A criança persiste no adulto. Está presente enquanto virtualidade. Não iremos nos tornar infantil, voltar a ser criança ou passar a imitá-la. O devir-criança nos abre para uma dimensão inventiva, fazendo com que criamos outras alianças, outros regimes e territórios que possam vir a ser constituídos. É o que costuma desconsiderar a psicanálise na análise da criança.
O que dizem as crianças?
A criança não para de dizer o que faz ou tenta fazer: explorar os meios, por trajetos dinâmicos, e traçar o mapa correspondente. Os mapas dos trajetos são essenciais à atividade psíquica. O que o pequeno Hans reivindica é sair do apartamento familiar para passar a noite na vizinha e regressar na manhã seguinte: o imóvel como meio. Ou então: sair do imóvel para ir ao restaurante encontrar a menininha rica, passando pelo entreposto de cavalos: a rua como meio.
Crítica e Clínica, “O que dizem as crianças”. DELEUZE, G.

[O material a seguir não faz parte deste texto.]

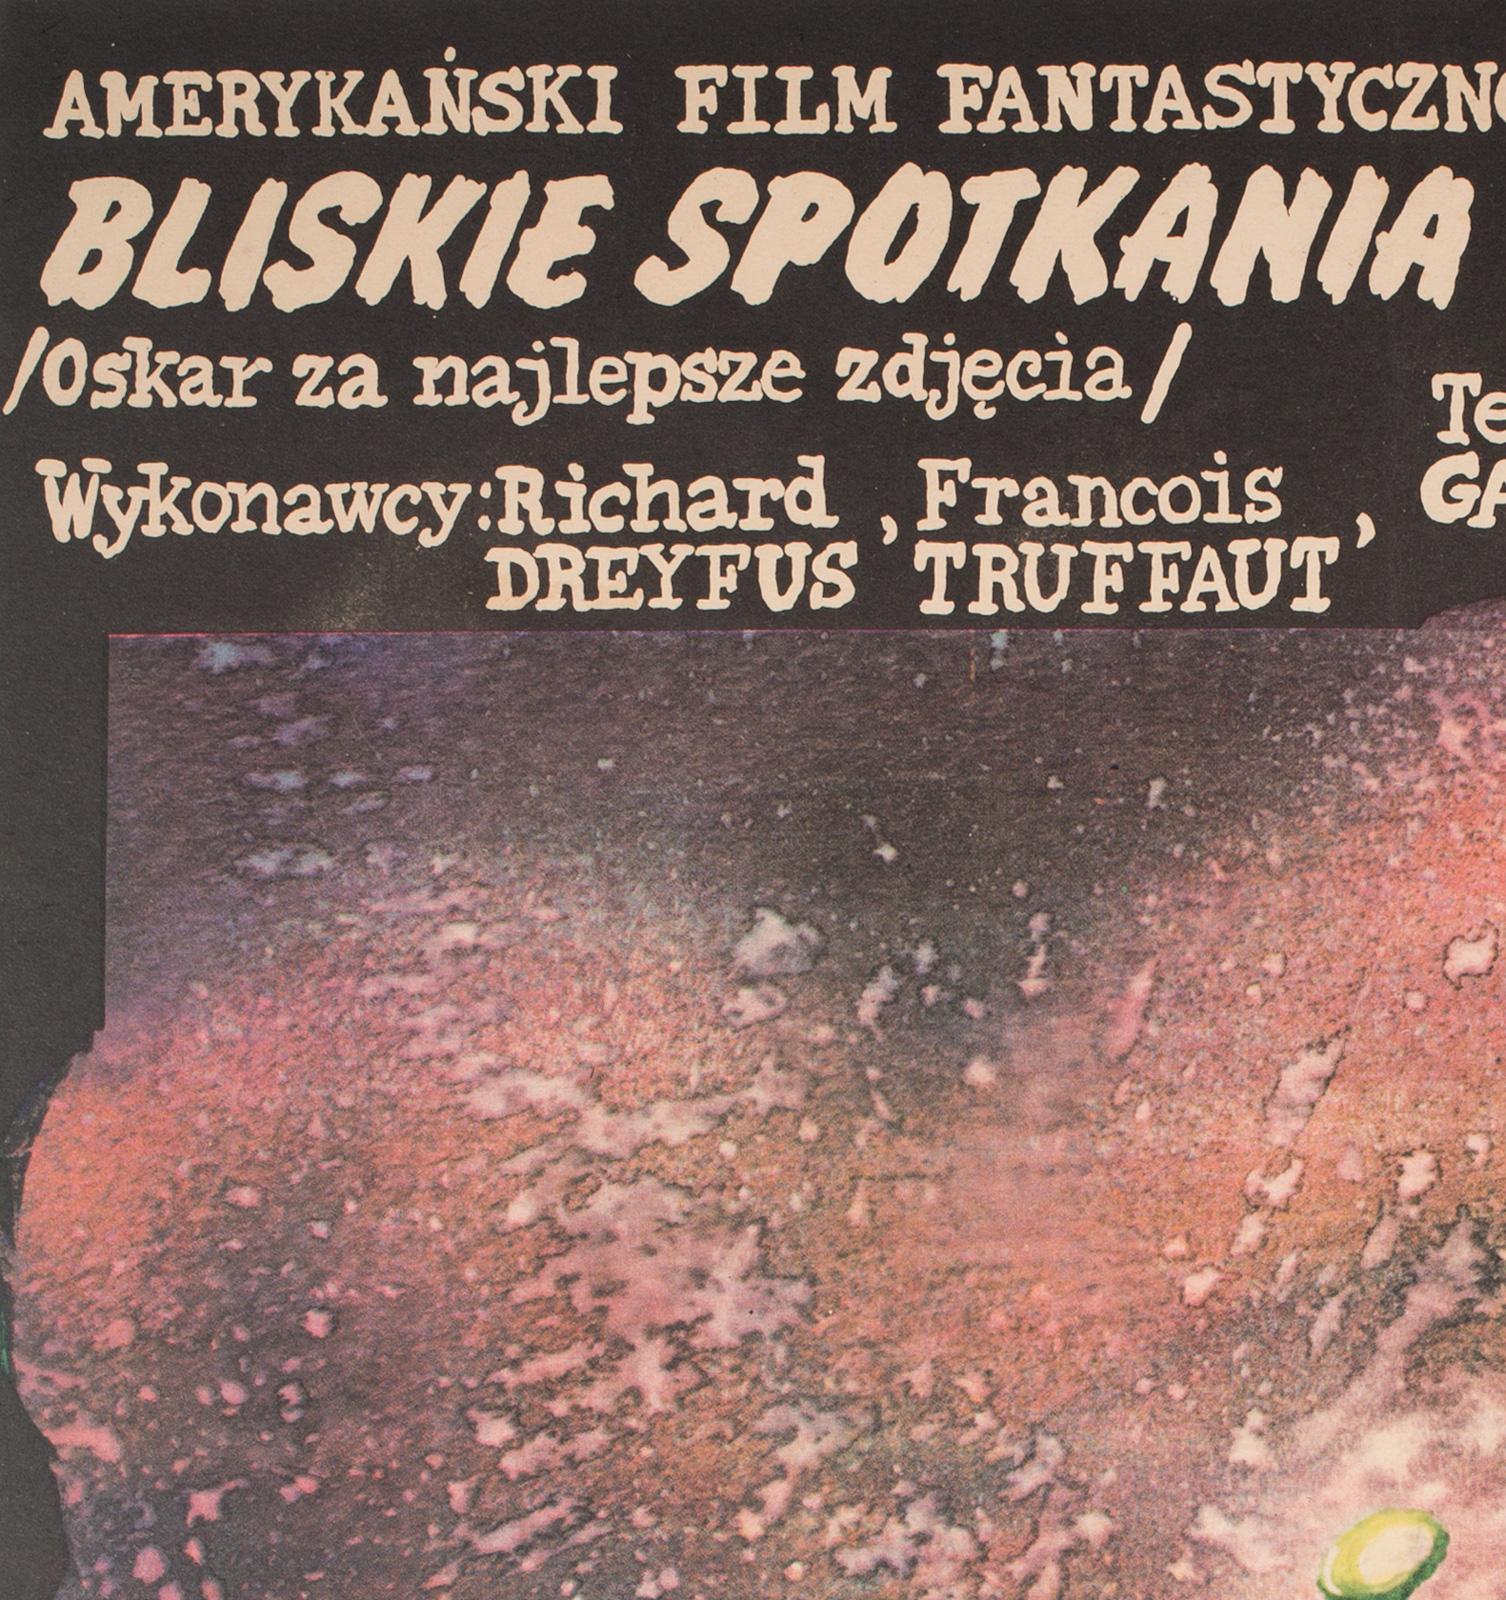 Paper Close Encounters of the Third Kind 1979 Polish Film Poster, Pagowski

Para que o pequeno Hans não seja encerrado no seio de uma família devemos entender que o “meio” não equivale ao “ambiente” composto por formas e objetos como costuma definir a psicologia. O meio é molecular, com fluxos materiais, forças, partículas – aquém da percepção das formas. Percorre-se esse meio por “trajetos dinâmicos” e “traçando mapas correspondentes”, a criança cartografa o “ambiente”, um ambiente que transborda o mundo dos objetos, da família, das formas e dos adultos.